A wheeling and rocking mass of light and shadow resolved itself into the dining-room walls, settled and was still. She felt the soft substance of a sofa pillow under her head, the hard lump that was her husband's arm supporting her shoulders.
"That's it—now she's all right!" said Kane Salisbury, his kind, concerned face just above her own. Mrs. Salisbury shifted heavy, languid eyes, and found Sandy.
"Darling, you fell!" the daughter whispered. White-lipped, pitiful, with tears still on her round cheeks, Sandy was fanning her mother with a folded newspaper.
"Well, how silly of me!" Mrs. Salisbury said weakly. She sighed, tried too quickly to sit up, and fainted quietly away again.
This time she opened her eyes in her own bed, and was made to drink something sharp and stinging, and directed not to talk. While her husband and daughter were hanging up things, and reducing the tumbled room to order, the doctor arrived.
"Dr. Hollister, I call this an imposition!" protested the invalid smilingly. "I have been doing a little too much, that's all! But don't you dare say the word rest-cure to me again!"
But Doctor Hollister did not smile; there was no smiling in the house that day.
"Mother may have to go away," Alexandra told anxious friends, very sober, but composed. "Mother may have to take a rest-cure," she said a day or two later.
"But you won't let them send me to a hospital again, Kane?" pleaded his wife one evening. "I almost die of lonesomeness, wondering what you and the children are doing! Couldn't I just lie here? Marthe and Sandy can manage somehow, and I promise you I truly won't worry, just lie here like a queen!"
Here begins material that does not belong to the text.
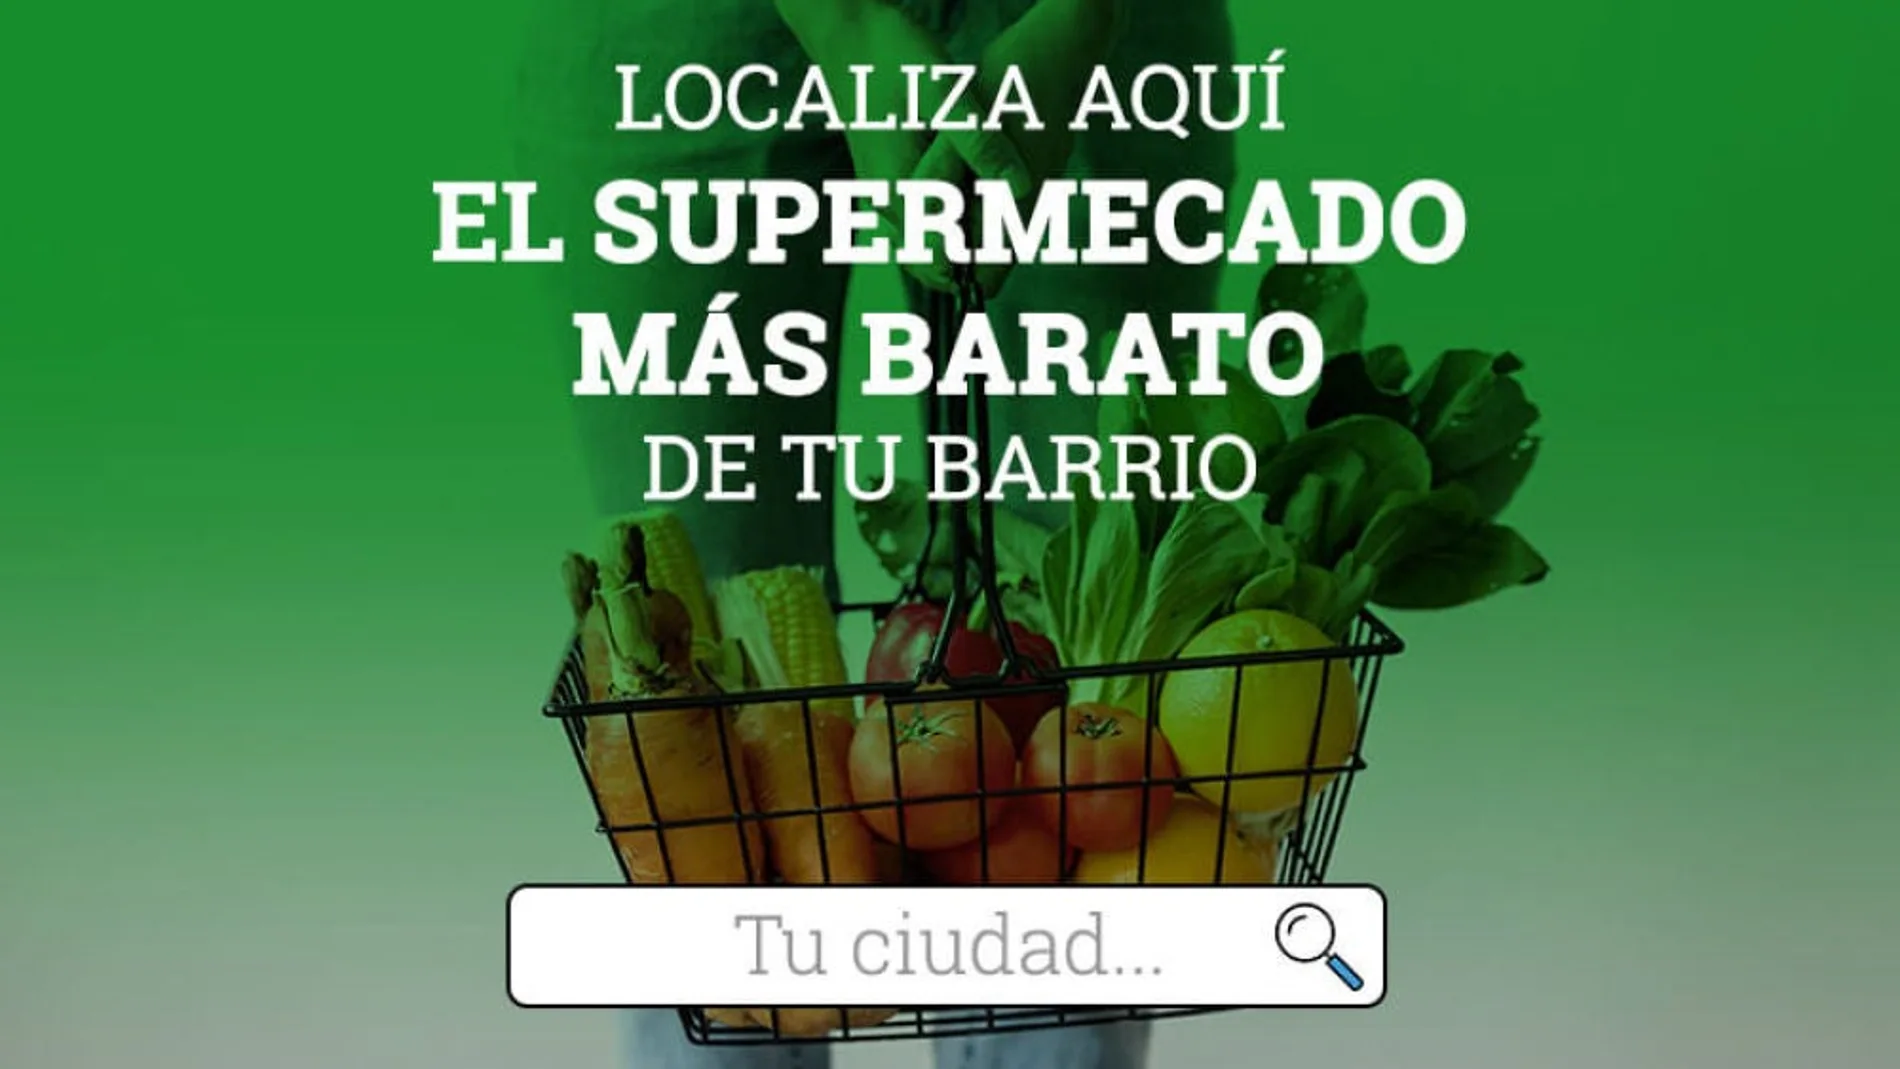 Buscador interactivo: ¿Cuál es el supermercado más barato de tu localidad?
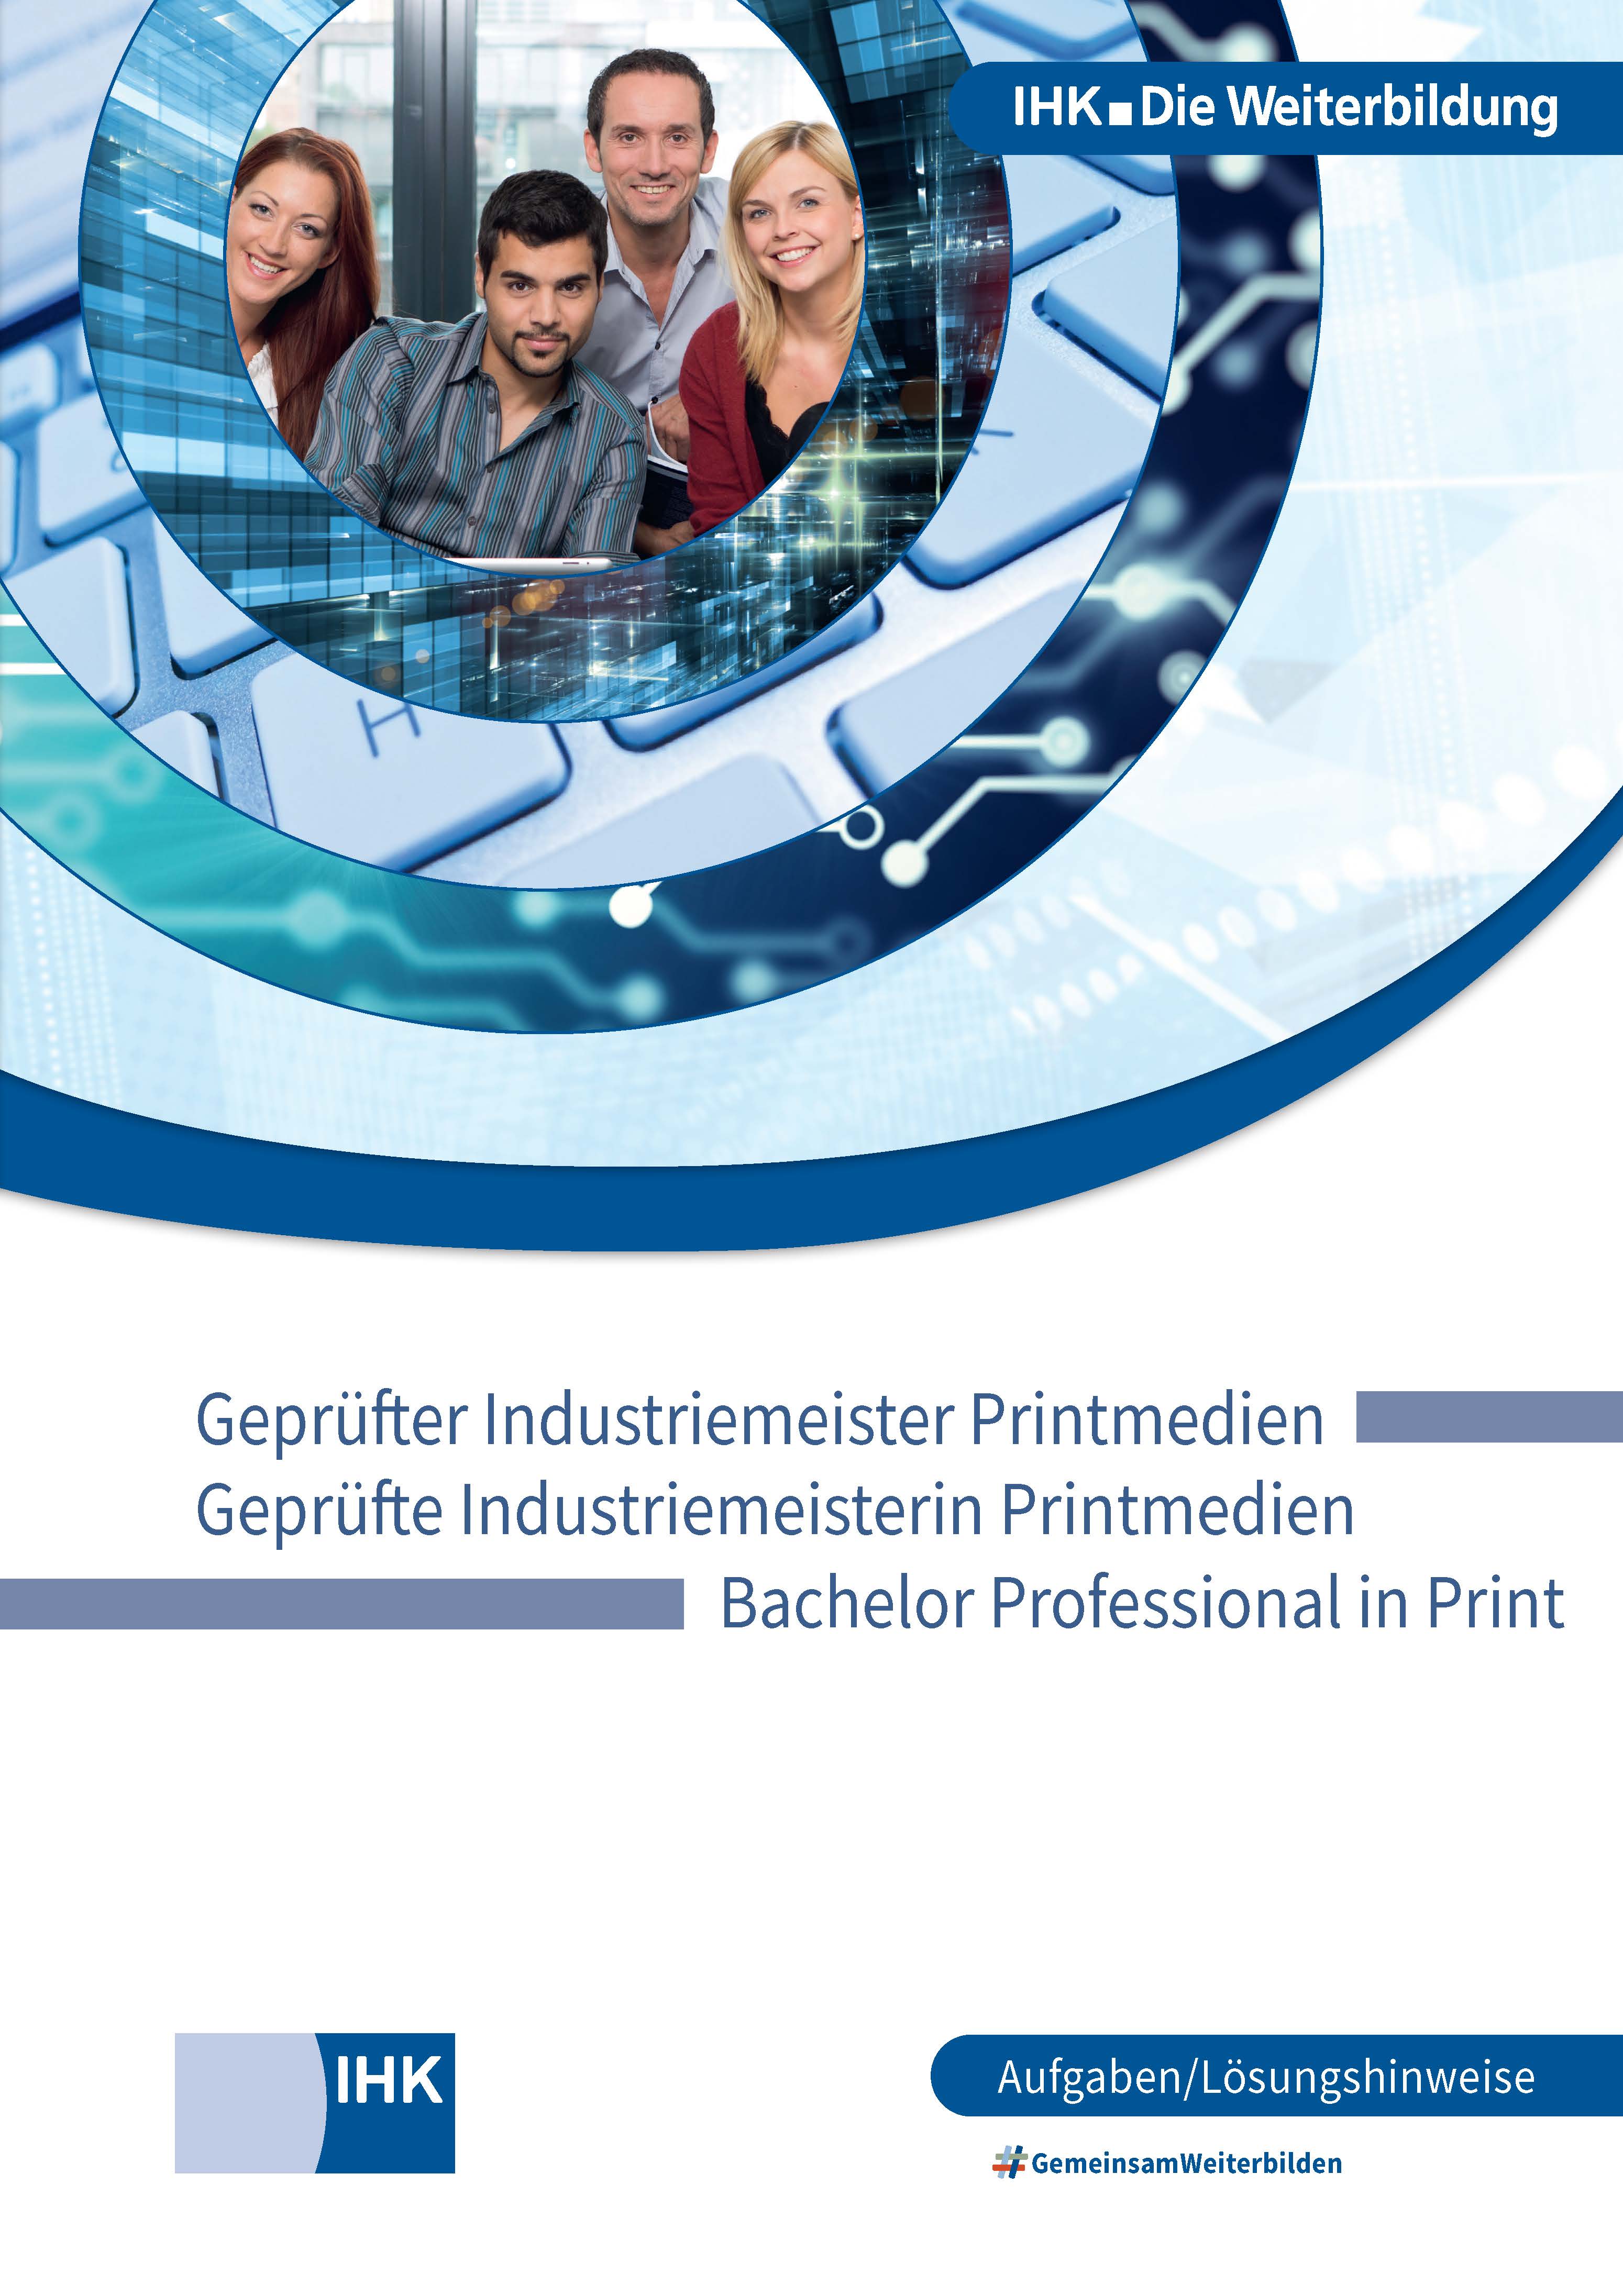 Geprüfte Industriemeister Printmedien – Bachelor Professional in Print

"Well, perhaps we'll give you a trial," smiled Kane Salisbury, very much enjoying an hour of quiet, at his wife's bedside. "But don't count on Marthe. She's going."
"Marthe is?" Mrs. Salisbury only leaned a little more heavily on the strong arm that held her, and laughed comfortably. "I refuse to concern myself with such sordid matters," she said. "But why?"
"Because I've got a new girl, hon."
"You have!" She shifted about to stare at him, aroused by his tone. Light came. "You've not gotten one of those college cooks, have you, Kane?" she demanded. "Oh, Kane! Not at thirty-seven dollars a month! Oh, you have, you wicked, extravagant boy!"
"Cheaper than a trained nurse, petty!"
Mrs. Salisbury was still shaking a scandalized head, but he could see the pleasure and interest in her eyes. She sank back in her pillows, but kept her thin fingers gripped tightly over his.
"How you do spoil me, Tip!" The name took him back across many years to the little eighteen-dollar cottage and the days before Sandy came. He looked at his wife's frail little figure, the ruffled frills that showed under her loose wrapper, at throat and elbows. There was something girlish still about her hanging dark braid, her big eyes half visible in the summer twilight.
"Well, you may depend upon it, you're in for a good long course of spoiling now, Miss Sally!" said he.